210.5.1 5.1 Why Mixup Regularizes
By training on points between examples, mixup enforces that the model behave approximately linearly in the space between training samples. This linear interpolation prior reduces oscillation outside the training distribution and yields smoother decision boundaries. A first order analysis shows that mixup is approximately equivalent to a data dependent regularizer that penalizes the curvature of the loss and shrinks the model’s confidence away from the data manifold, which improves both generalization and robustness to corrupted inputs and adversarial perturbations.

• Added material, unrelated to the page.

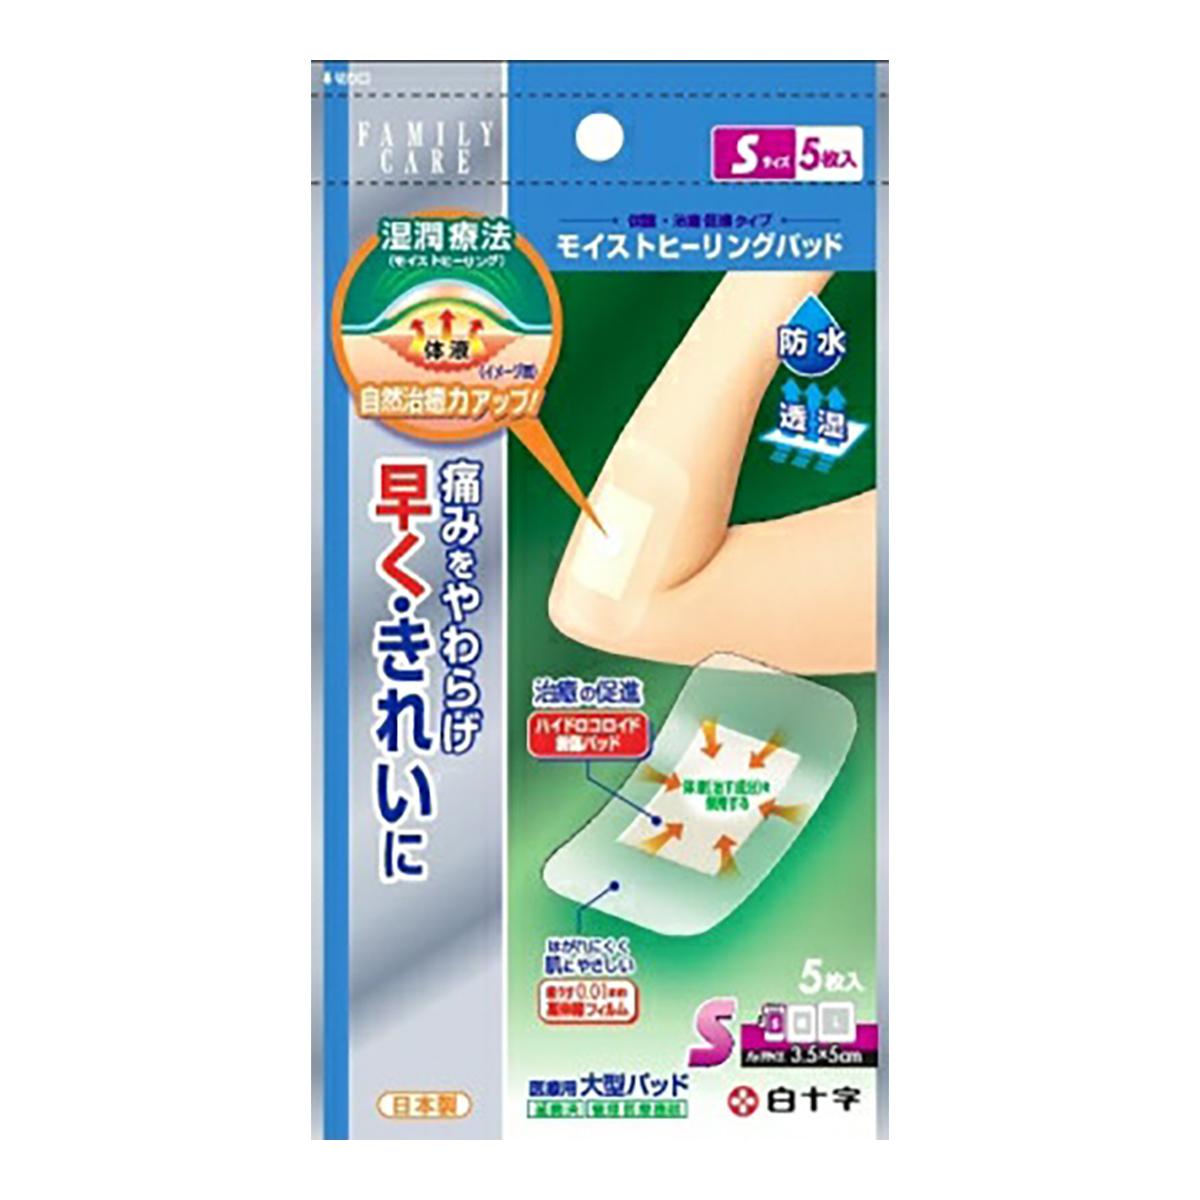 【送料無料】FC モイストヒーリングパッド S 5枚入×100個セット ( 4987603464698 )
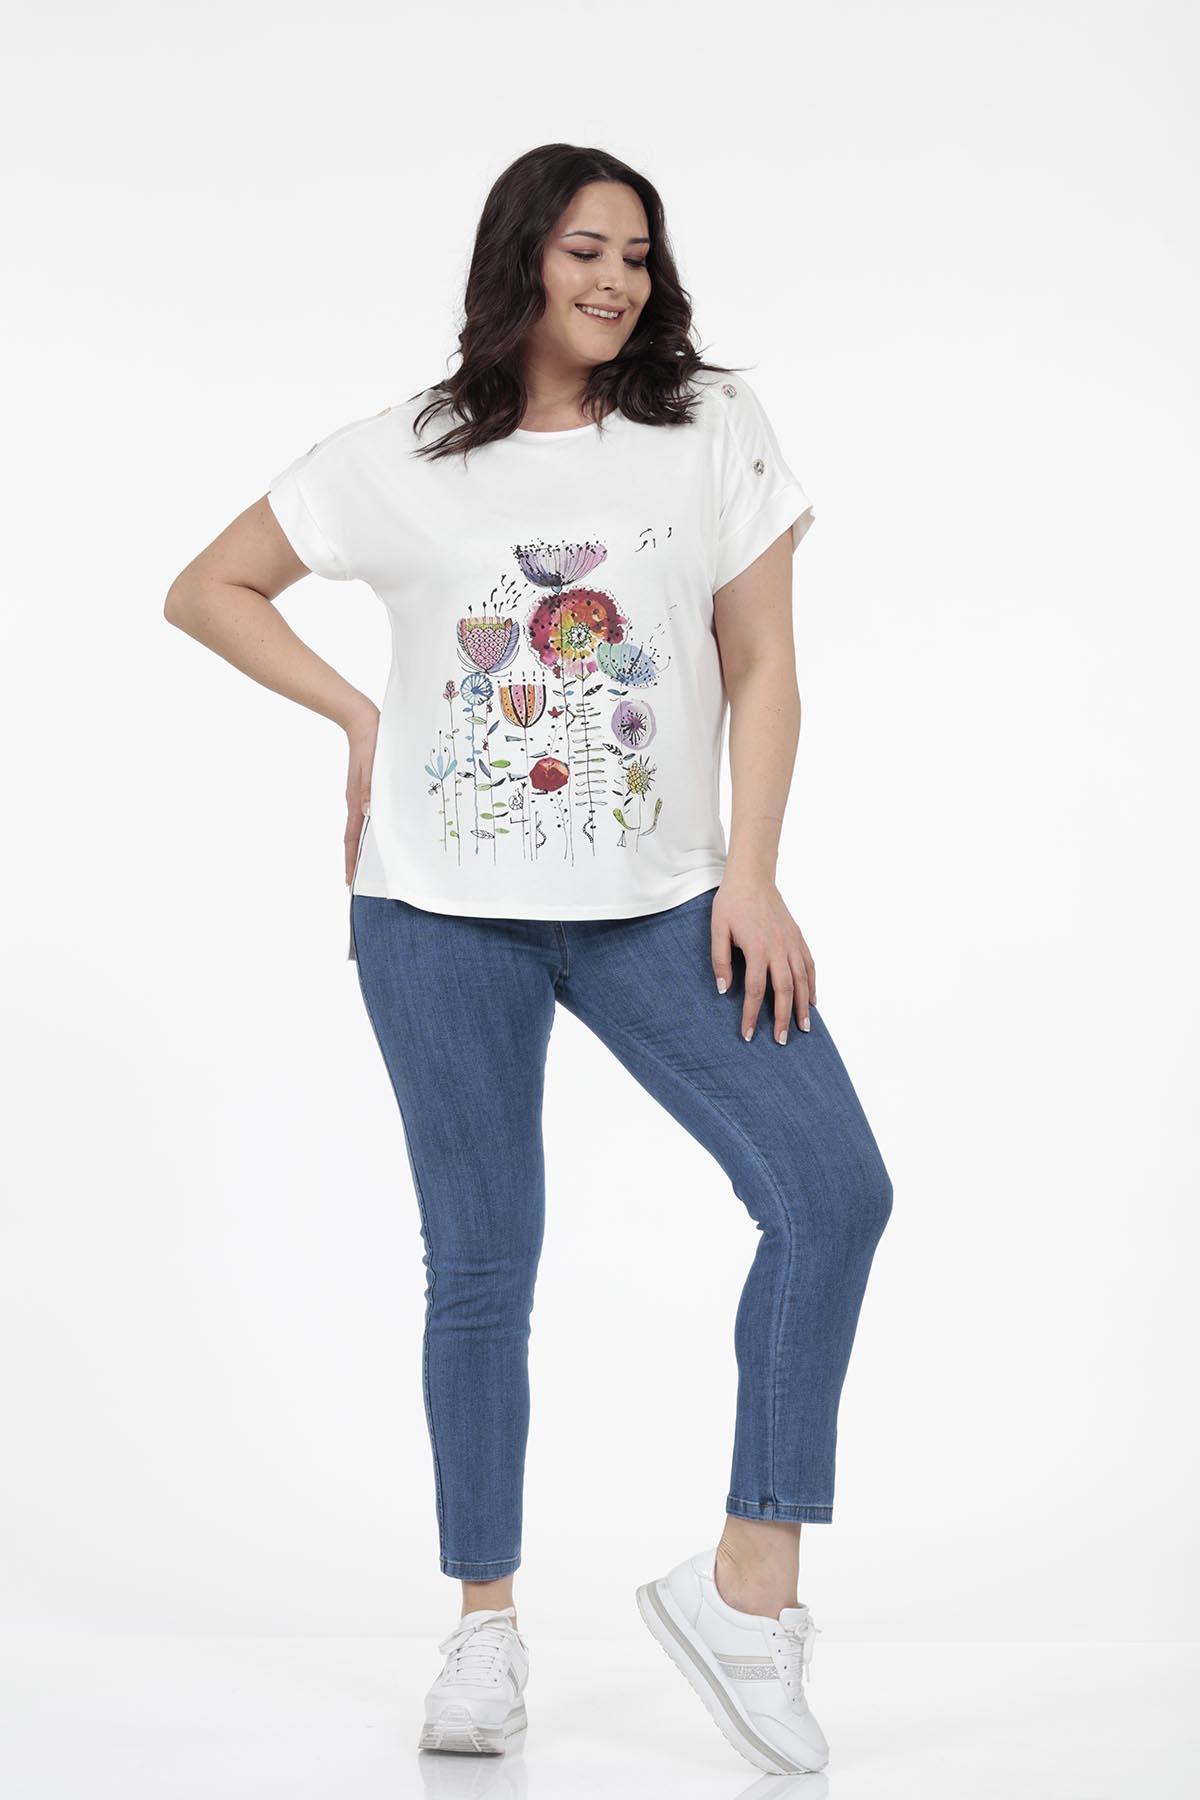 Önü Çiçek Baskı Detaylı T-shirt - Thumbnail

210.5.2 5.2 Variants and Calibration
CutMix replaces the pixel-level blend with a spatial paste, cutting a rectangular patch from one image into another and mixing the labels in proportion to the patch area, which preserves local image statistics that pixel blending destroys. Manifold mixup applies the interpolation at a randomly chosen hidden layer rather than the input, smoothing representations deeper in the network. Mixup trained models are also notably better calibrated than their hard label counterparts, complementing the calibration benefits of label smoothing.
lam = beta(alpha, alpha)
x = lam * x_i + (1 - lam) * x_j
loss = lam * ce(model(x), y_i) + (1 - lam) * ce(model(x), y_j)210.6 6. Stochastic Depth
Stochastic depth regularizes very deep residual networks by randomly dropping entire residual blocks during training. A network with residual blocks \(f_\ell\) computes \(h_\ell = h_{\ell-1} + f_\ell(h_{\ell-1})\) in the standard case. Under stochastic depth a Bernoulli gate \(b_\ell \sim \mathrm{Bernoulli}(p_\ell)\) multiplies each block,
\[ h_\ell = h_{\ell-1} + b_\ell\, f_\ell(h_{\ell-1}), \]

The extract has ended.